● **What this task involves**
Because the images are not wanted, restate every line below word for word without them.

● **Collected material**
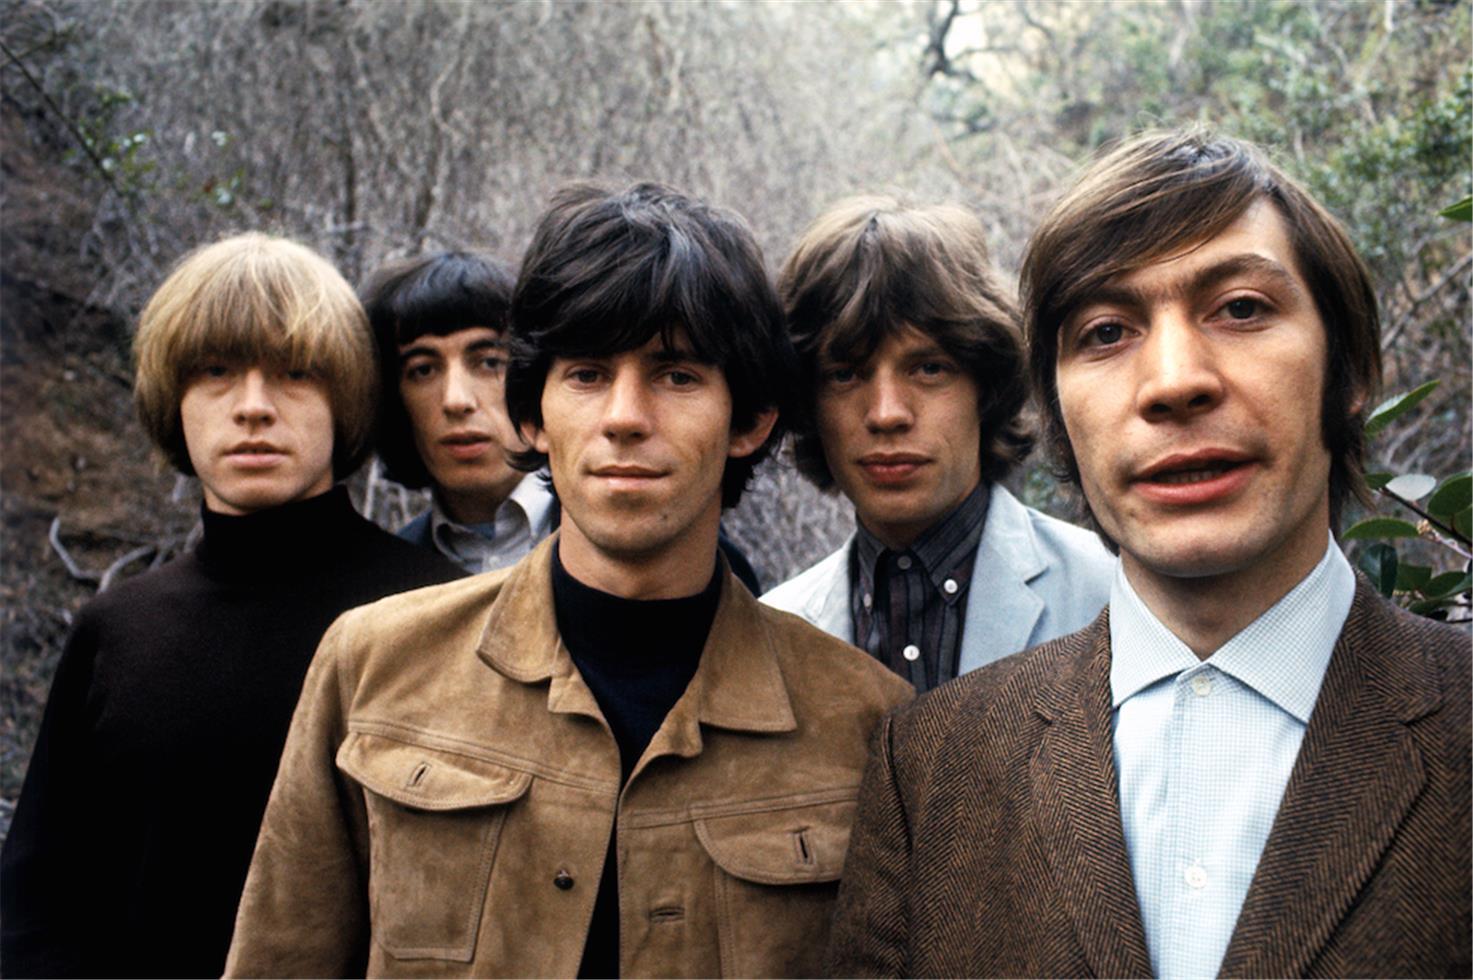 Guy Webster Color Photograph - The Rolling Stones, Group Portrait
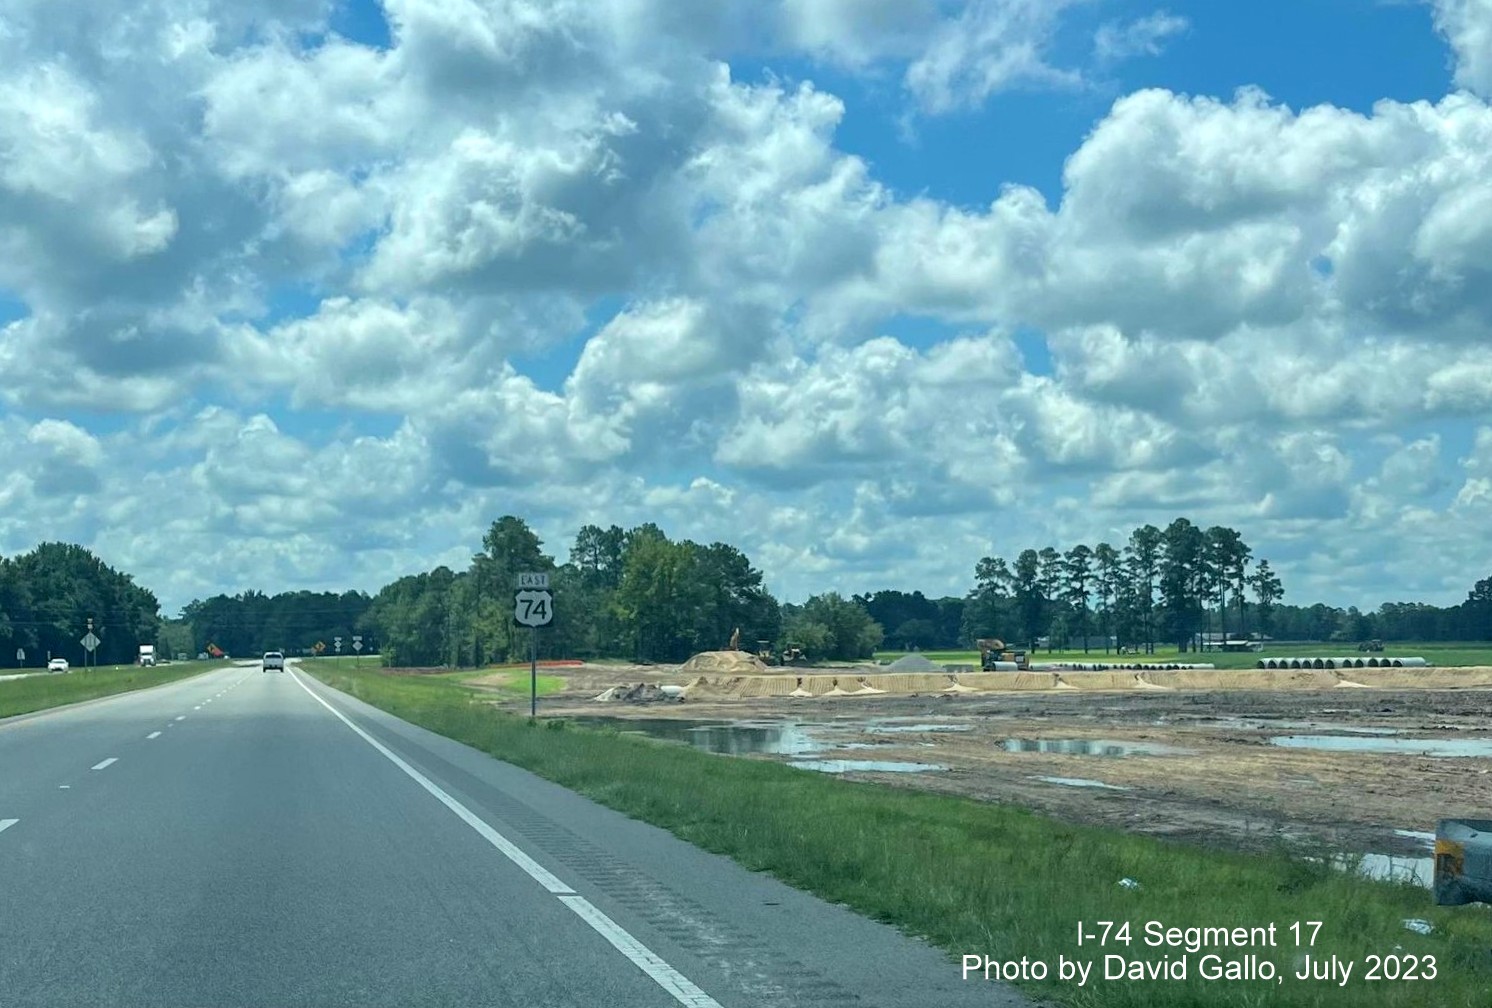 Image of land clearing along US 74 East lanes prior to NC 130 intersection for new interchange work, David Gallo, 
        July 2023

● **Written answer**
 Guy Webster Color Photograph - The Rolling Stones, Group Portrait
 Image of land clearing along US 74 East lanes prior to NC 130 intersection for new interchange work, David Gallo, 
        July 2023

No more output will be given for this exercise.